Son humilité et sa dépendance totale envers Dieu étaient évidentes. Il reconnaissait qu’il ne pouvait rien faire sans l’onction du Saint-Esprit. C’est pourquoi il se retirait souvent des foules, non par rejet des hommes, mais pour chercher la face de Dieu, conscient que son ministère dépendait entièrement de cette communion.
Ses réunions avaient un impact profond. Beaucoup témoignaient de guérisons, parfois sans même passer par une ligne de prière, simplement en exerçant leur foi. Mais au-delà des guérisons physiques, son ministère apportait une restauration de la foi, dissipant le doute et ramenant les cœurs à la certitude que Dieu est réel, présent et agissant.
Ces campagnes avaient également une dimension missionnaire. Elles touchaient des personnes qui, autrement, n’auraient jamais fréquenté une église. De nombreuses vies furent transformées, et plusieurs assemblées locales virent leur nombre croître à la suite de ces réunions.
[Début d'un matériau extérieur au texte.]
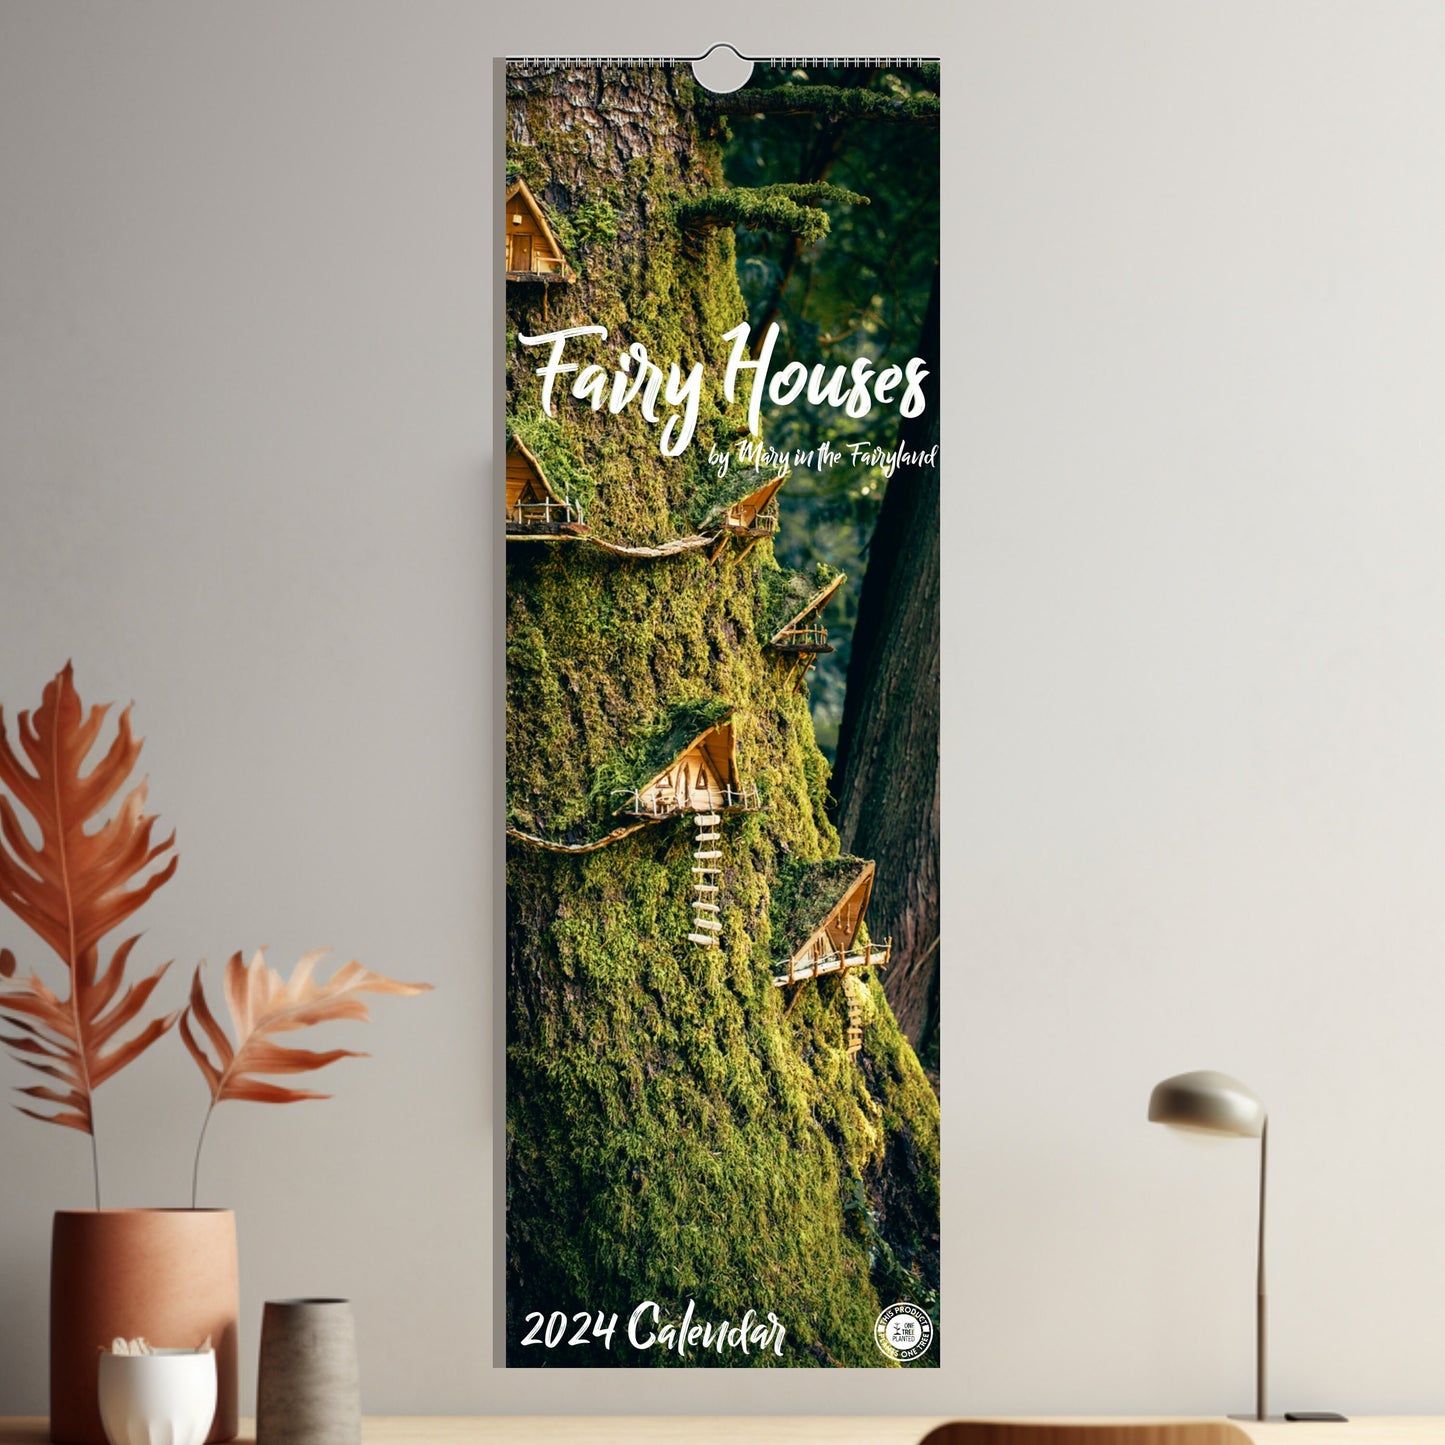 Fairy Houses Wall Calendar 2024: By Mary in the Fairyland (International)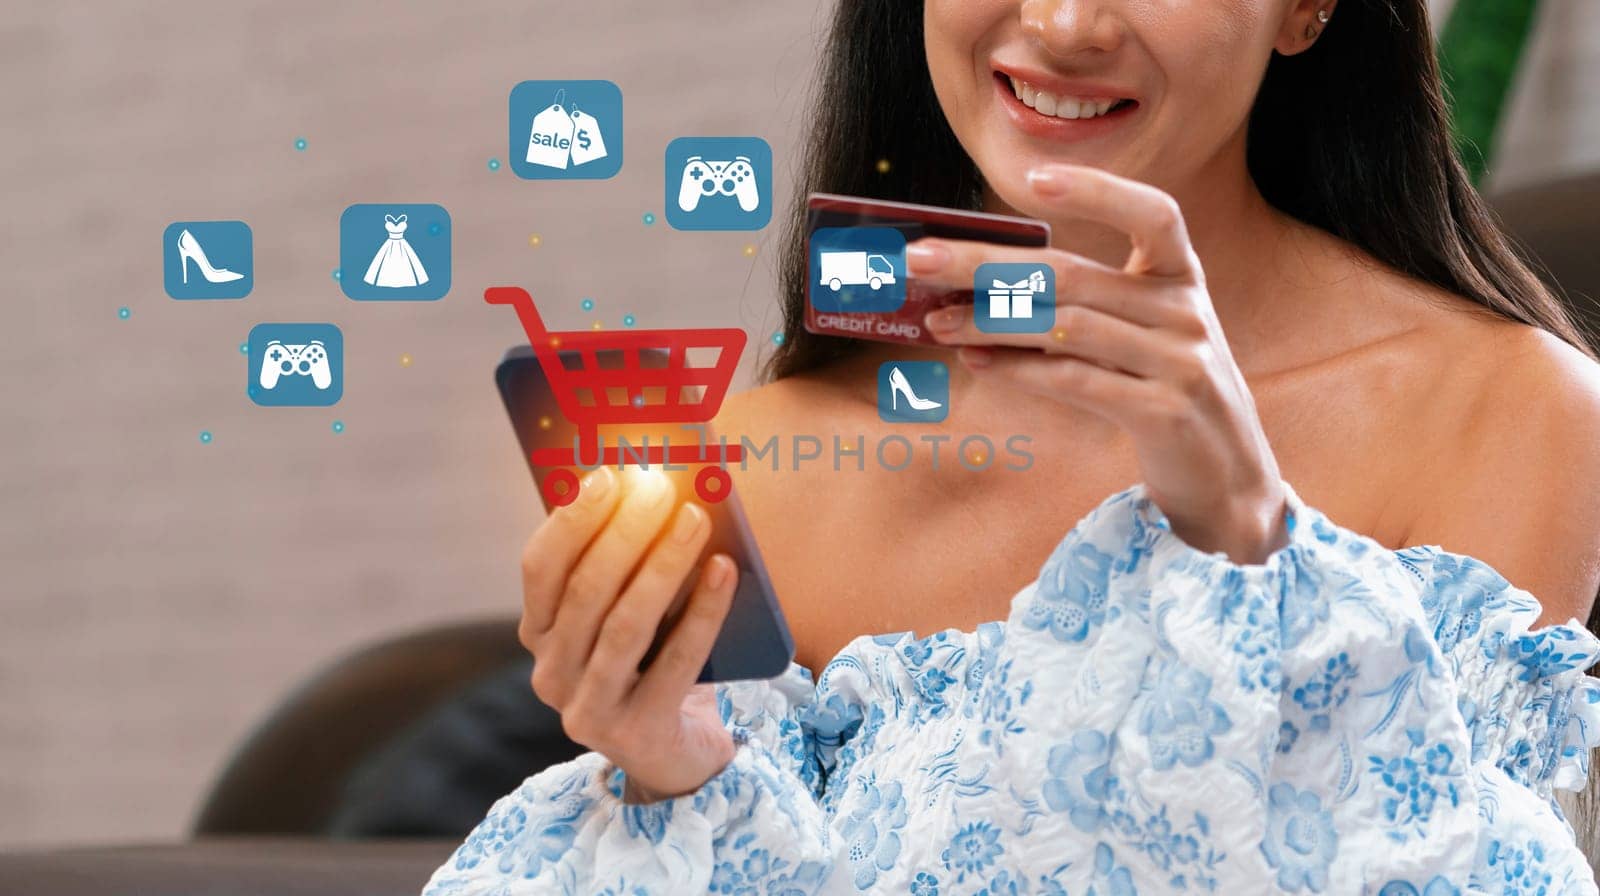 Elegant customer wearing blue dress controlling device choosing online platform. Smart consumer watching gadget opening e-commerce application using cashless technology shopping inventory. Cybercash.

Le 24 décembre 1965, William Marrion Branham quitta cette vie à la suite d’un accident. Cependant, son message continue d’être diffusé dans le monde entier, notamment par des organisations comme Branham.org, qui préservent et distribuent ses prédications.
Ainsi, répondre à la question « Qui est William Marrion Branham ? » dépend en grande partie de la perception spirituelle de chacun. Pour ceux qui reçoivent son message, il est un instrument choisi par Dieu pour rappeler l’Église à la Parole, restaurer la foi biblique et préparer les croyants à la venue du Seigneur.
Mais au-delà de toute considération, une chose demeure centrale : son ministère n’avait qu’un seul objectif — élever Jésus-Christ, ramener les cœurs à Dieu et rappeler que la Bible est vivante, vraie et toujours confirmée par la puissance de Dieu.